I have been interested in the brain ever since I saw the movie
Charly
when I was a junior in college in 1968. It is a story about an intellectually handicapped man who has the will to change his life and to learn how to learn. And learn he does, temporarily becoming a genius after undergoing a new neurosurgical procedure, the same procedure done to his alter ego, a laboratory mouse. This prescient film on the biological and chemical basis of behavior provided a clear career direction for me.

Throughout my career, I have studied many facets of the brain. Whereas most researchers tend to specialize in a relatively narrow field of study, my interests have covered all manner of territory—from stem cells to sleep deprivation.

I started studying psychopathy in the 1990s, when I was asked
by my colleagues in the Department of Psychiatry and Human Behavior at the University of California, Irvine, to analyze PET scans of particularly violent murderers, including serial killers, who had just been convicted in court, and were subsequently starting the penalty phase of their trials. It is during this stage of the legal process that a murderer typically agrees to undergo a brain scan, often in the hope that a finding of brain damage will lead to a more lenient sentence.

As I've already mentioned, we know very little about psychopathy, but without scanning technology, we'd probably know even less. It's easy for a psychopath to feign caring and remorse when his brain tells a different story. This is the work I'd been doing that October day in 2005, when I discovered my odd brain scan indicating reduced activity in areas responsible for empathy and ethics.

You might assume, given my closeness to the subject, that I'd be scared or worried or upset. But I wasn't because I knew better. I was a happily married man with three kids whom I loved dearly. I had never been violent or manipulative or committed a dangerous crime. I wasn't some Hannibal Lecter type—an esteemed brain scientist studying the minds of unsuspecting patients in an attempt to understand how I might be better able to control them for my benefit. Heck, I was a research scientist—I didn't even have patients!
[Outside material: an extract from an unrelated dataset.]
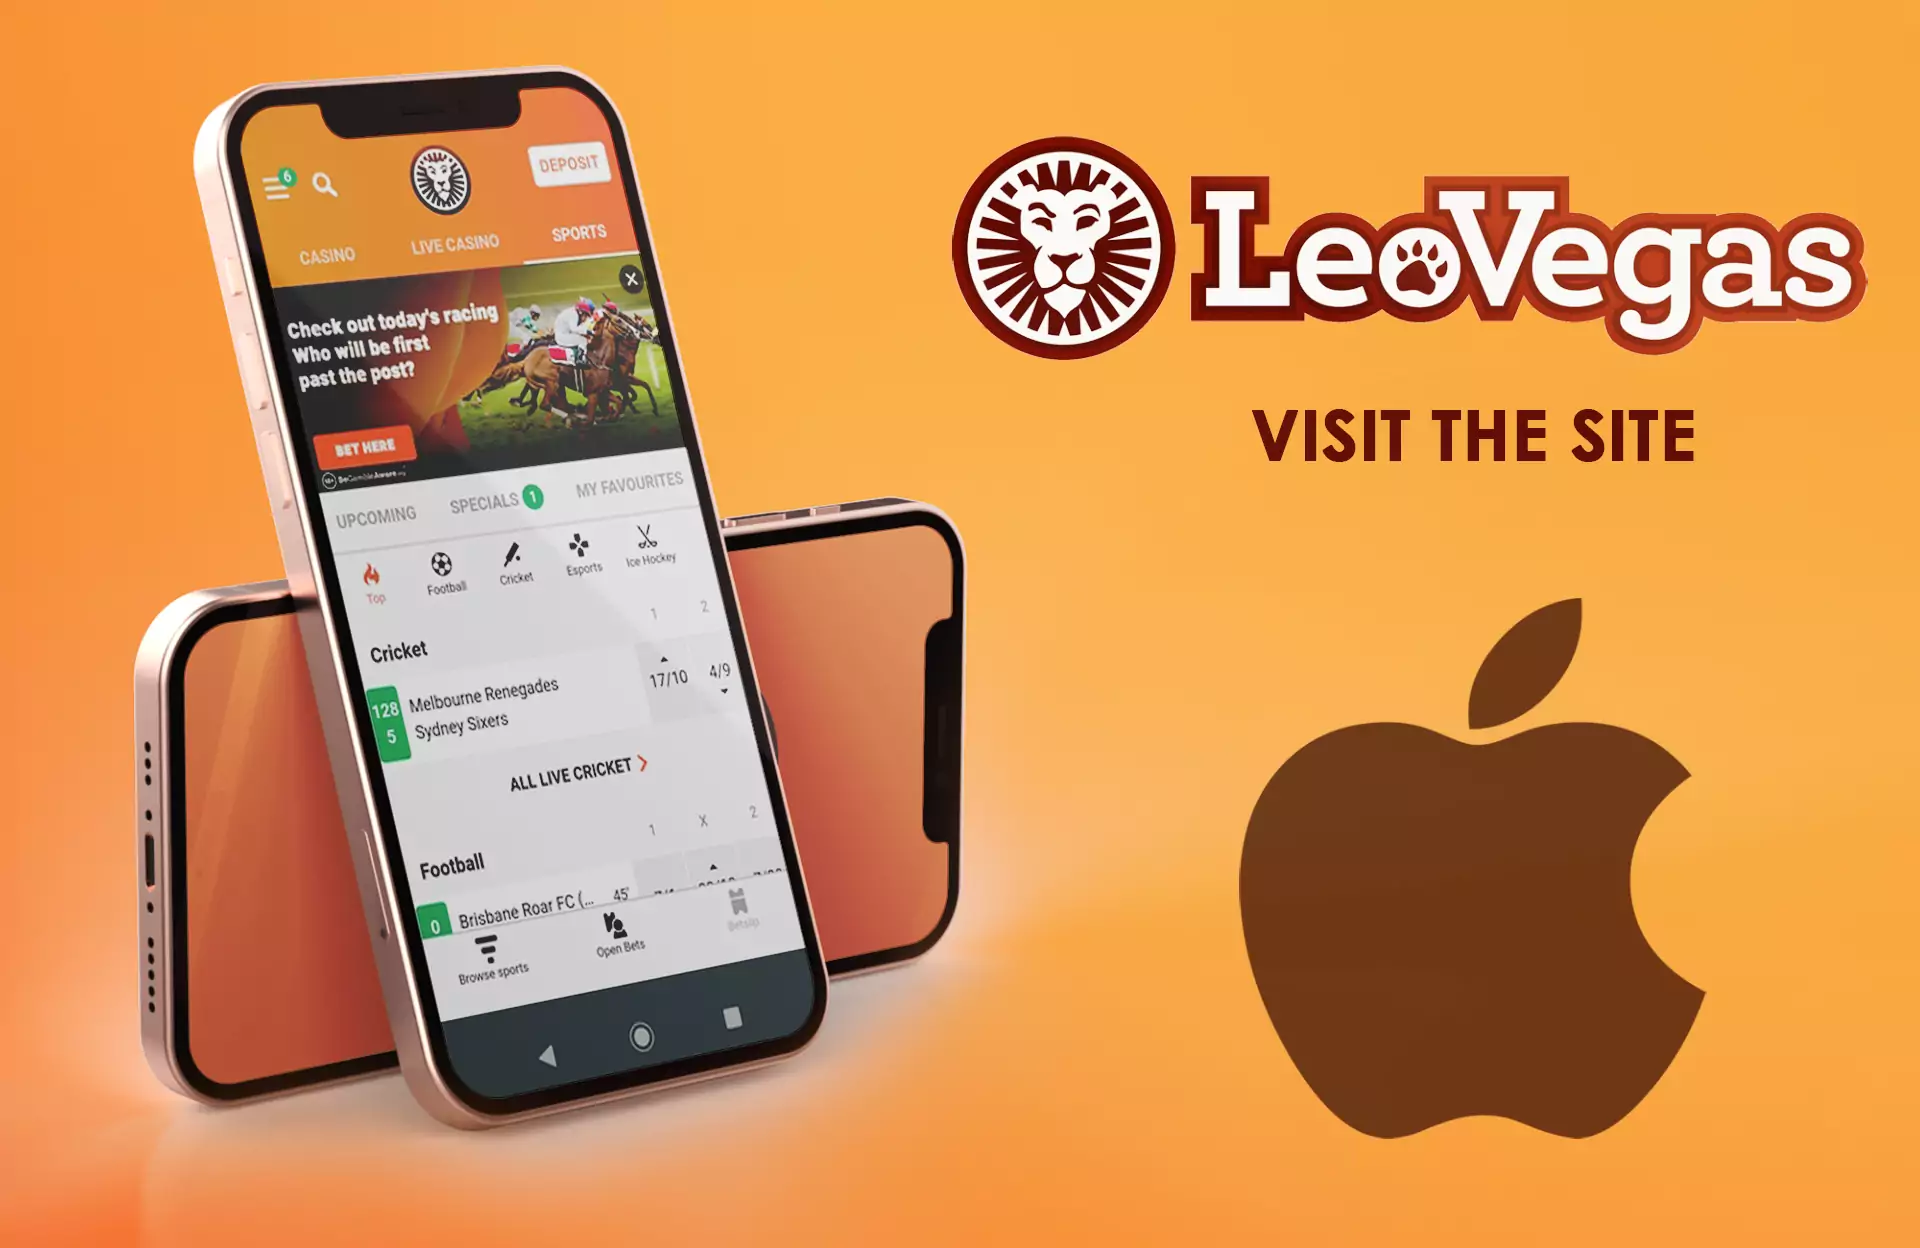 Open the homepage of LeoVegas in your mobile browser.

But my brain scan did tell me something I hadn't fully understood before. I had just submitted a paper outlining the research I had done into the minds of psychopaths. I had laid out a theory
describing the neuroanatomical basis of psychopathy and identified a pattern that I myself matched. So how could I reconcile my brain with the findings I'd just reported? Was I really an exception to my own rule? If I wasn't a psychopath, what was I? And if we couldn't rely on studies of our own brains, the very organ responsible for every thought and action we have, how could we ever understand who we truly are?

CHAPTER 2
Evil Brewing

T
he media and pop culture have done a great job over the years painting pictures of psychopathic children or disturbed kids who grow up to be violent killers. Just consider every time there's a school shooting; afterward, the friends, family, classmates, and teachers of the individual responsible seem to notice all of the warning signs that should have predicted what was to come. When parents see signs of abnormal or antisocial behavior in their kids, they immediately call the doctor, hoping therapy or prescription meds will head off any danger at the pass.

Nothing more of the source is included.